Phil Gordon called the promise that help was coming, when the first deputies were actually intent on staying outside, "a stunning abuse of governmental power." Miles Cortez described the perimeter tactics adopted by responding deputies as "a decision to stand by and let Harris and Klebold kill or wound for as long as their ammunition held out... The killing field turned out to be the Columbine library."
Defending the sheriff's office, Assistant County Attorney Bill Tuthill coolly shrugged off the rhetoric and focused on case law. Columbine doesn't meet any of the criteria for the exceptions to immunity, he insisted. Whatever the reason that the investigation of Harris's bombs and death threats was aborted, the case was "irrelevant" to what happened a year later, he argued. His clients had done nothing, and nothing is good. Such a position "may offend our common sense, but it doesn't offend the Constitution," he said.
So the 911 operators had told everyone to stay put. So they promised that help would be there in minutes, rather than three or four hours later. So what? Under the law, a police officer's promise of assistance is meaningless. "Promises do not create a special relationship," Tuthill claimed. "Police officers shouldn't be found constitutionally liable for the decisions they make, even if they later turn out to be mistakes."
School district attorney Stuart Stuller took a similar stance. No special relationship, no creation of danger. The existence of a school security plan that Columbine failed to follow, as reported on 60 Minutes II, didn't create any kind of duty to protect students. Maybe the school screwed up by doing little or nothing with previous complaints about Harris and Klebold, but nothing is good. "There is no evil in being hoodwinked by evil," Stuller argued.
Yet as the day wore on, Judge Babcock seemed to grow impatient with such arguments. Whatever their legal merits, they trifled with logic. "Your defense rests upon inaction," he told Tuthill. "Is the lesson to be learned from these cases that, when confronted with this type of expression, we close our eyes to it -- because by doing nothing, there is no liability?"
Tuthill argued that it was ridiculous to think that the sheriff's commanders had the "luxury" to think through their misguided rescue operation during the first two hours of the siege. Babcock growled back that they surely could have figured out how to reach Sanders by the third hour.
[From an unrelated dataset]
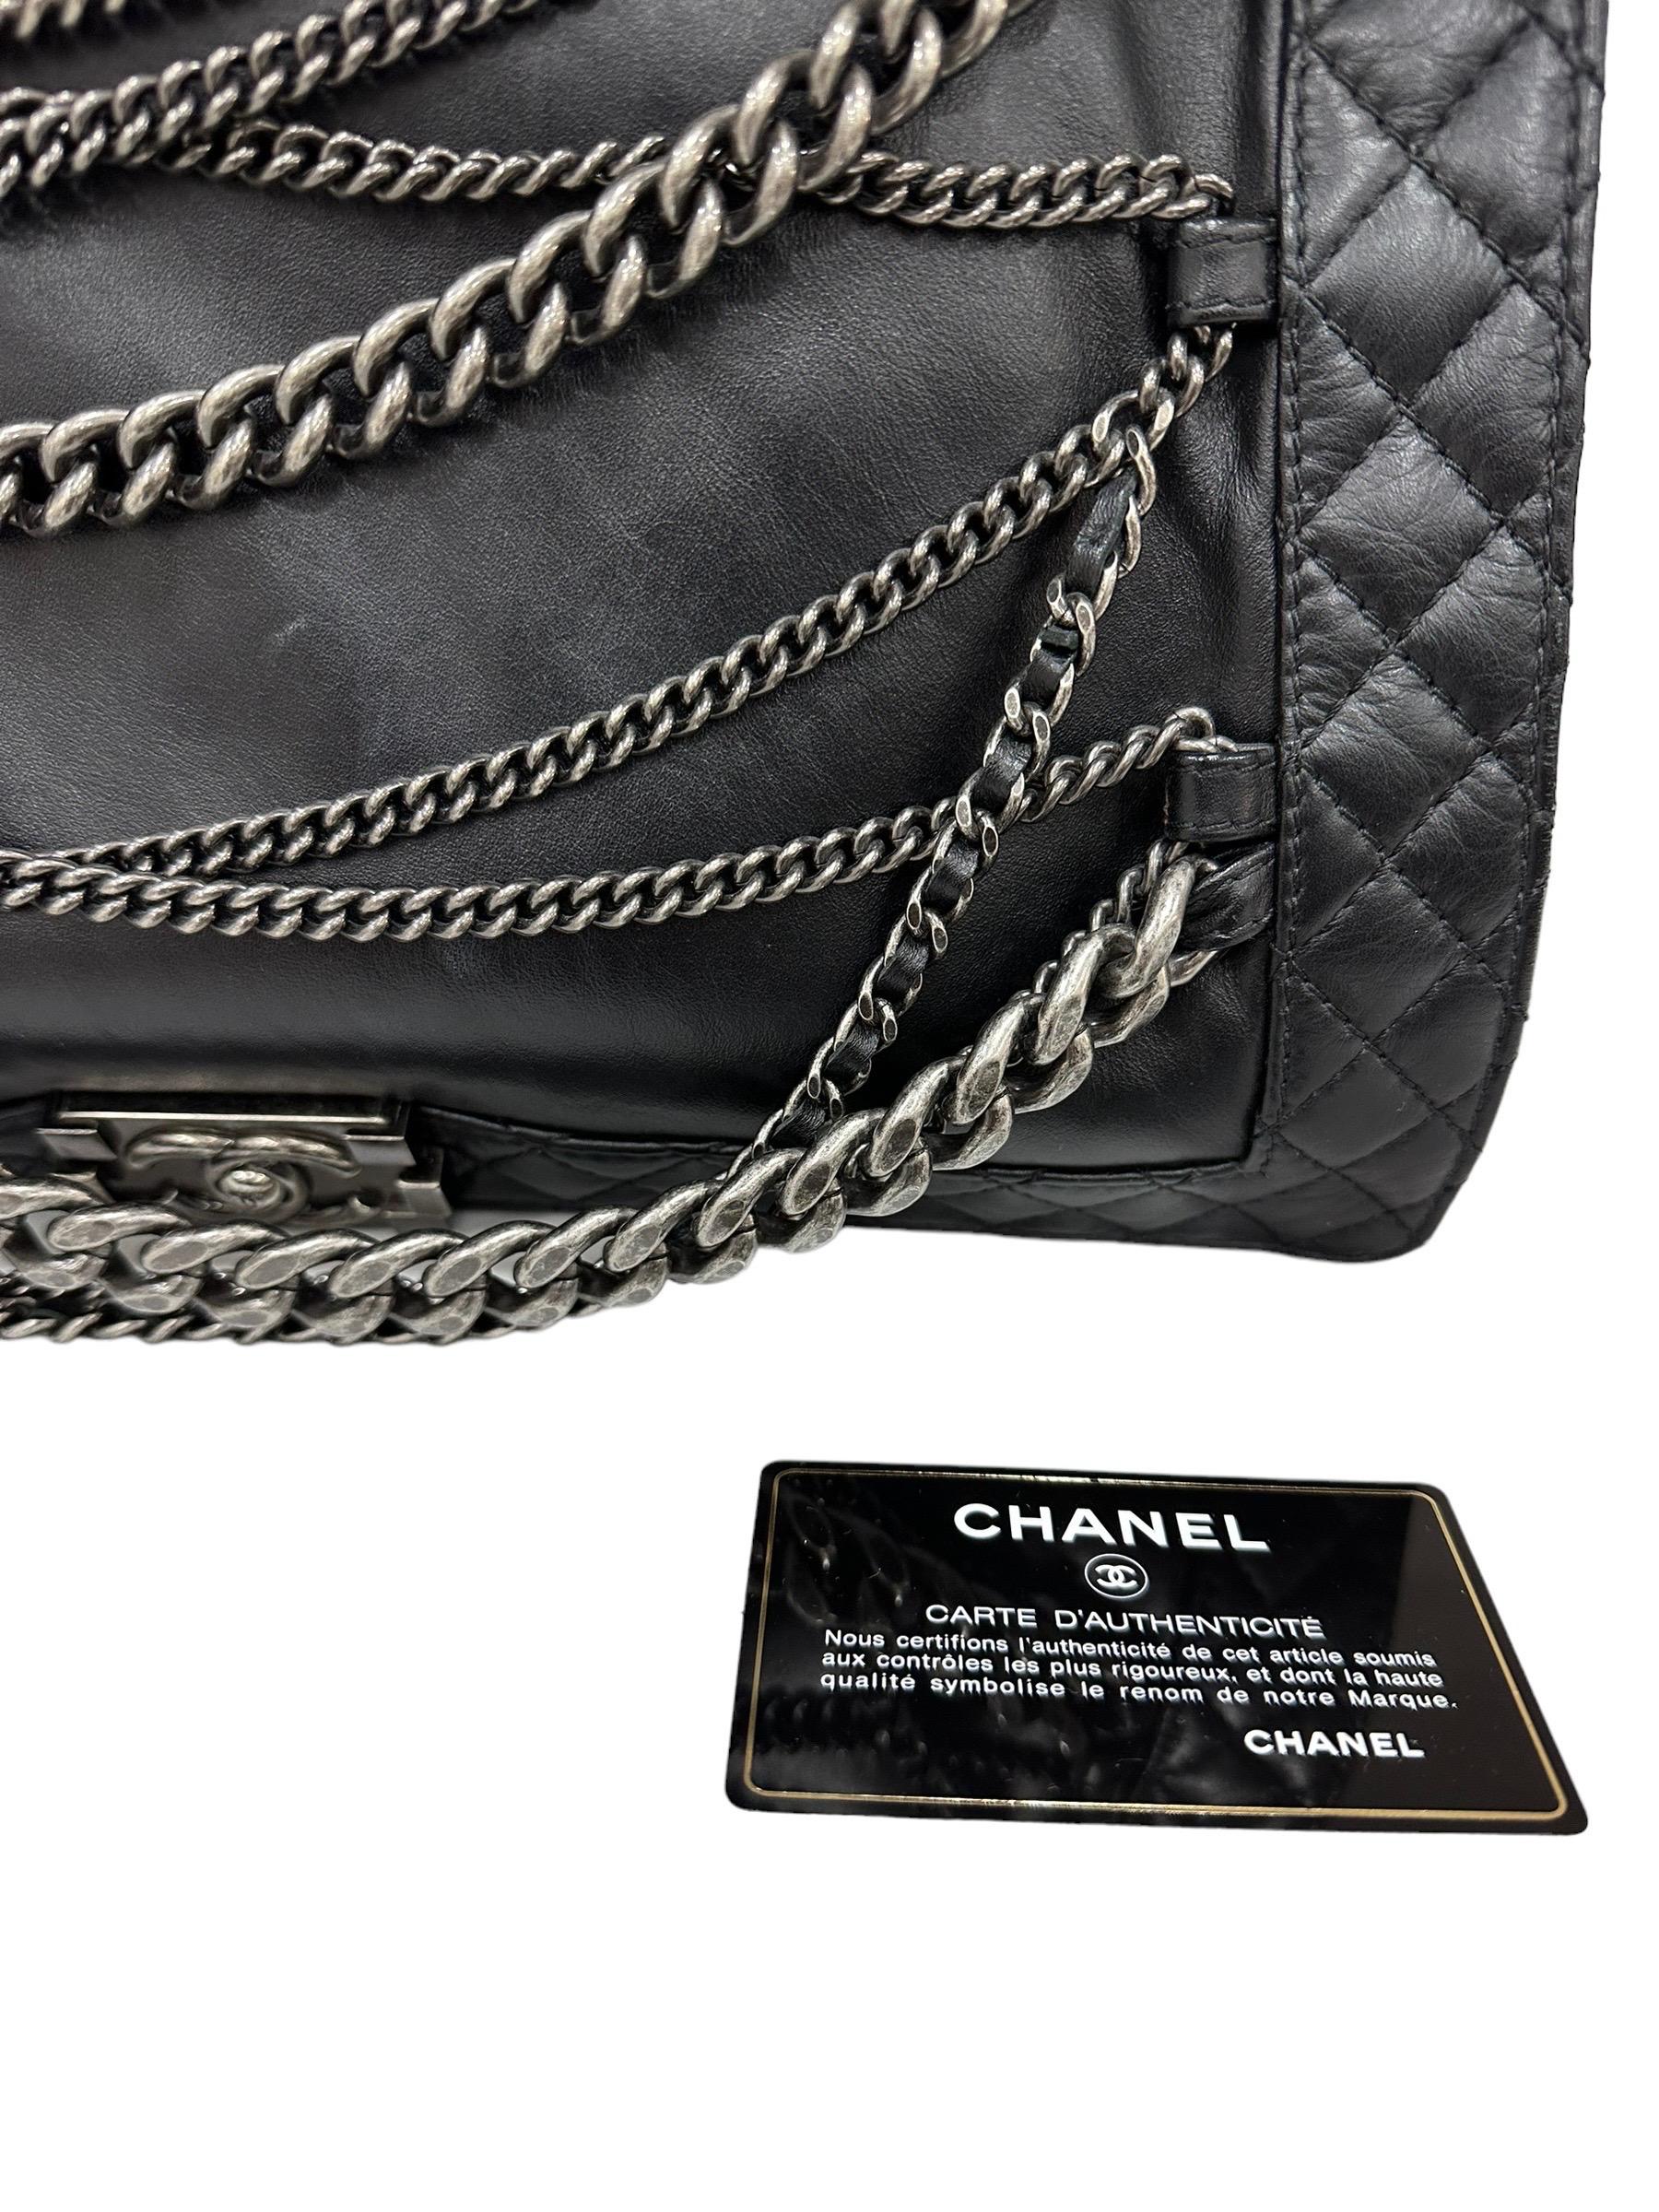 2014 Chanel Boy XL Limited Edition Shoulder Bag Multi Chains 10

When the assistant county attorney suggested that the failure to investigate the prior bomb reports was due to "allocation of resources," the judge merely scoffed. When Tuthill went on to advance the notion that Dave Sanders wasn't in any kind of "special relationship" with the police because, after all, Sanders wasn't even in direct contact with the 911 operator, Babcock felt compelled to point out that the teacher was critically wounded and unconscious at the time.
Babcock has not yet issued a decision as to which lawsuits, if any, he will dismiss at this point. But there's little question which arguments he found to be more compelling on a common-sense level, if not in legal terms. Two years ago, Jefferson County officials were boasting that they did everything right at Columbine; now they're reduced to arguing that they did nothing so wrong that it amounts to a violation of constitutional rights -- that doing nothing is doing good.
Before Tuthill finished his final remarks, the judge stared at him with a mournful, deeply troubled look on his face.
"Maybe it's just late in the day," Babcock said, "but you're beginning to shock my conscience."